Теперь, когда я с теплой благодарностью вспоминаю об этом человеке и получше в него вдумываюсь, я даже не решаюсь сказать, что он был тщеславен. Мы, немцы, часто злоупотребляем словом «тщеславный»; в нем ведь заключено понятие пустоты, и по справедливости оно должно служить для обозначения человека, не умеющего скрыть упоения собственным ничтожеством, довольства пустым своим существованием.
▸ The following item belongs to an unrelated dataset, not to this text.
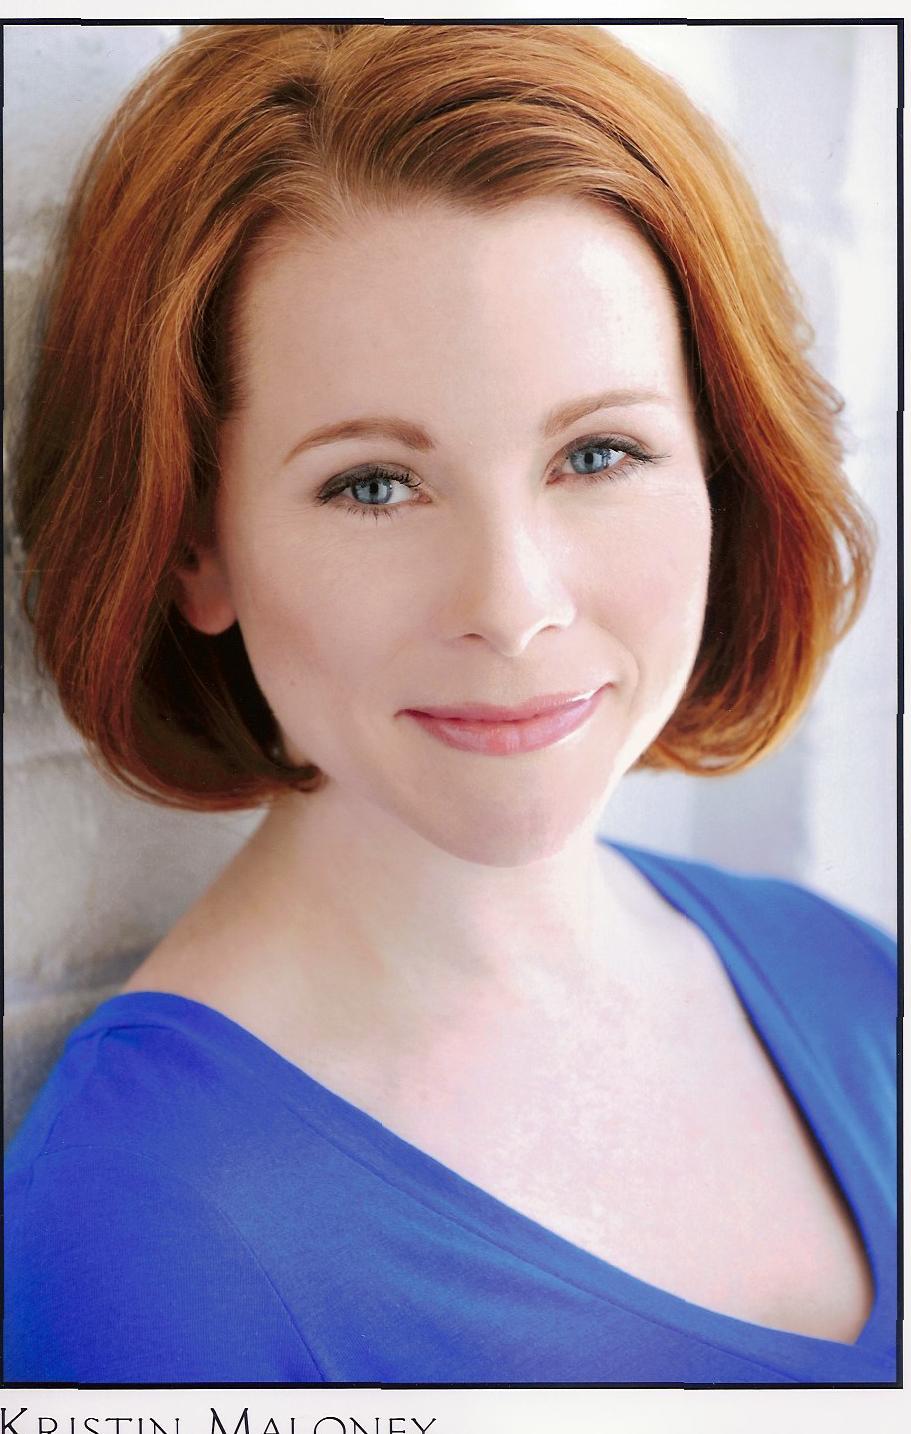 Kristin Maloney Headshot1.jpg

С Циммерманом дело обстояло как раз наоборот, у него было множество заслуг и не было самодовольства, а тот, кто не радуется в тиши своим природным дарам, кто не видит себе награды лишь в них самих, но ждет и надеется, что другие признают им содеянное и воздадут ему должное, оказывается в пренеприятном положении, ибо хорошо известно, что люди скупы на одобрение и любят не столько хвалить, сколько хулить ближнего.

Тот, кто выступает публично, должен быть к этому готов, иначе его не ждет ничего, кроме огорчений: ведь если даже он и не переоценивает того, что от него исходит, то все же ценит, и ценит безусловно, тогда как прием, который нам оказывают в свете, всегда условен; и еще: к хвалам и одобрениям надо быть восприимчивым не более, чем ко всем прочим радостям. Отнеся все вышесказанное к Циммерману, мы и здесь должны будем признать: чего человек не приносит с собой, того ему и не получить.